I don’t know when I’ll go through with my plan but it’ll be soon, I don’t wanna feel better either, what for? Misery is the only real emotion, happiness is temporary. The Universe is a beautiful creation but this planet and our society is appalling how people treat each other. Humans bother me, I’ll most likely never find someone I can trust and fall in love with, a life of lonely isolation is no life at all.

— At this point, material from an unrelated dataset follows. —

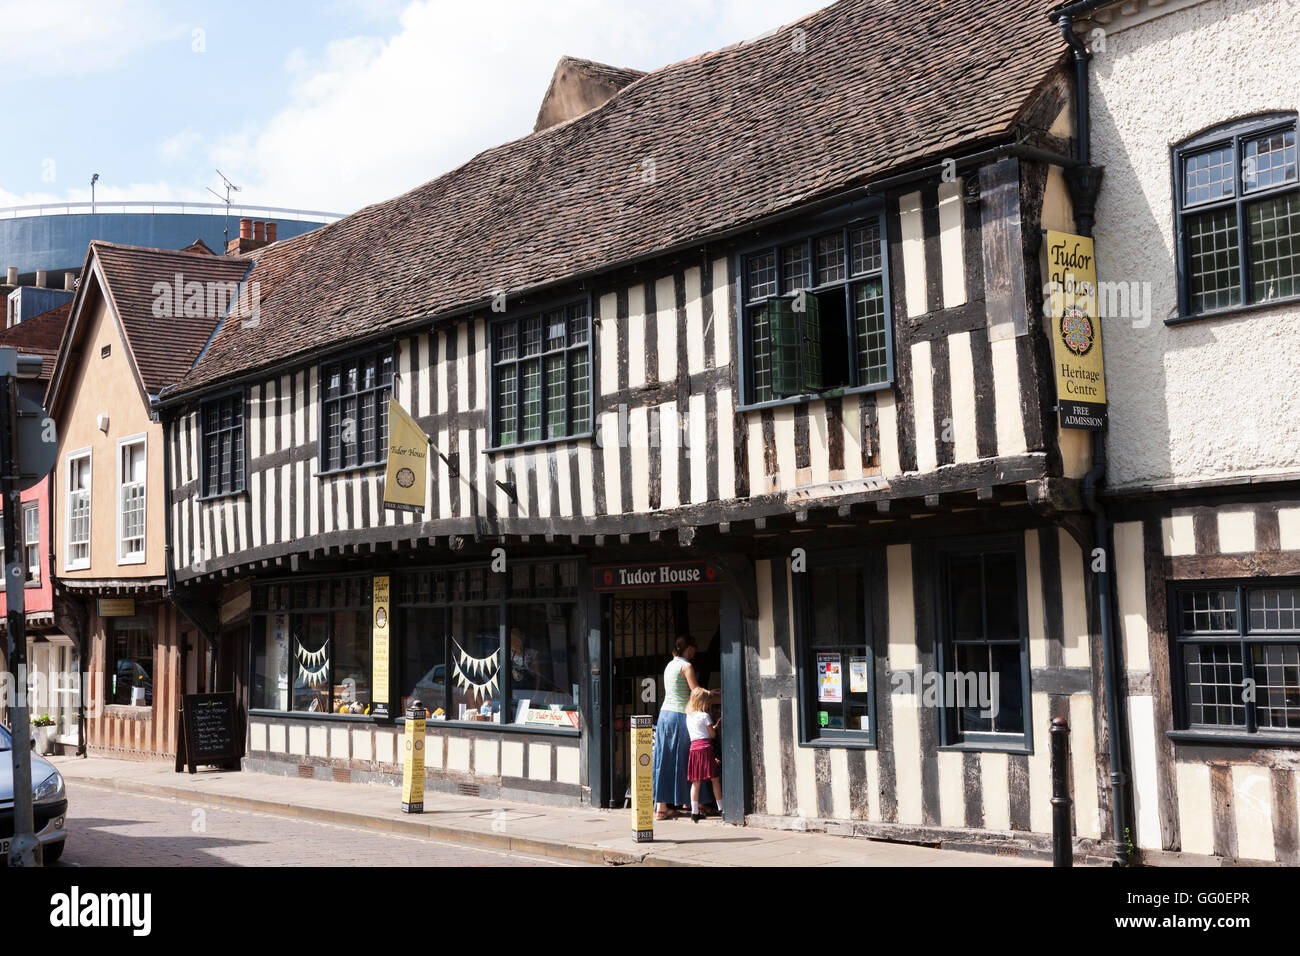 Le Tudor House Museum. Frère St / Friar street, Worcester WR1 2NA. UK Banque D'Images

My moms married twice, never once has she come and talk to me about the fact that I’m alone all the time or encourage me to go out and try and find someone, nothing, …. really disappointed, but I feel she’d be the first to shit on a new relationship should I find one,
I always just wanted to be happy like I was when I was younger, I’m cute little geeky guy, I have a awesome collection of videos, board games, books, all around fun stuff, I love the outdoors, I’m trustworthy and loving but I am always alone. Always. I have chest pain, and panic attacks along with sever anxiety.
Suicide is a not a selfish act. No one was there for me when I was alive, no one will be there moments before I take my life. Alone, Alone and Alone. People need more then food, water and shelter to be hole humans beings, to be alive and to feel alive are two different things.
1 comment
People need meaningful, caring, respectful relationships with others. Without that we wither and can’t thrive (although some profess to not need anyone in this way).
Yes, the planet is a beautiful place, some people do appear to have everything but you never know what’s going on inside someone else’s head.
Sorry to hear that your Mum isn’t really there for you. Is there someone else in your family that can help with support?
You never know what is in store as far as finding love goes. It’s a mixed bag but keep your eyes open, your heart cautiously open and you’ll have a chance at love I’m sure.